## Machine Learning - Session 1 - NumPy

In [1]:
#Import the numpy library
import numpy as np

#### A. Defining a 1D numpy array

In [2]:
x = np.array([12,34,24,45,7,18])
x

array([12, 34, 24, 45,  7, 18])

#### B. Creating Regular Sequence

In [3]:
#Create a regular sequence of integers starting from 1 to 10. integers = c(1,2,3,4,.......,10)

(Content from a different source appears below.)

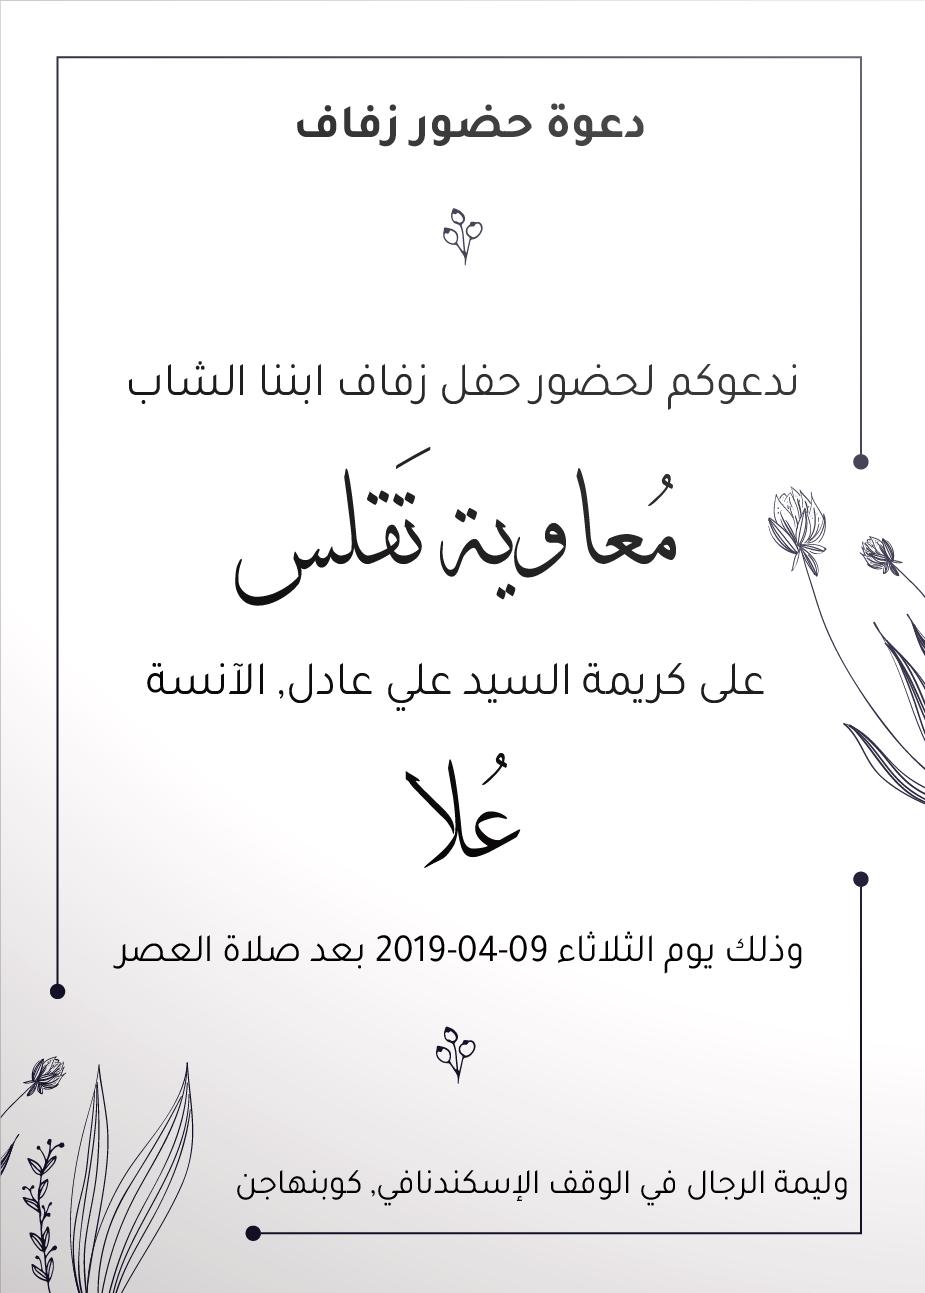 دعوة فرح Graphic Design Posters Wedding Invitations Arabic Quotes

integers = np.arange(1,11,1)
integers

array([ 1,  2,  3,  4,  5,  6,  7,  8,  9, 10])

In [4]:
#Create a regular sequence of integers starting from 10 to 1.

integers = np.arange(10,0,-1)
integers

array([10,  9,  8,  7,  6,  5,  4,  3,  2,  1])

In [6]:
#Create a regular sequence of even integers between 10 to 20

even = np.arange(10,21,2)
even

array([10, 12, 14, 16, 18, 20])

In [8]:
#Create a regular sequence of the following type: [10.0,10.5,11.0,11.5, ... , 19.5, 20.0]

frac = np.arange(10,20.5,0.5)
frac

array([ 10. ,  10.5,  11. ,  11.5,  12. ,  12.5,  13. ,  13.5,  14. ,
        14.5,  15. ,  15.5,  16. ,  16.5,  17. ,  17.5,  18. ,  18.5,
        19. ,  19.5,  20. ])

In [10]:
#Create a regular sequence of length 20 ranging from 0 to 5

np.linspace(start=0,stop=5,num=20,endpoint=True)  # if endpoint is True, it will include the stop argument. So in this case value is ending at 5. 5 is also considered.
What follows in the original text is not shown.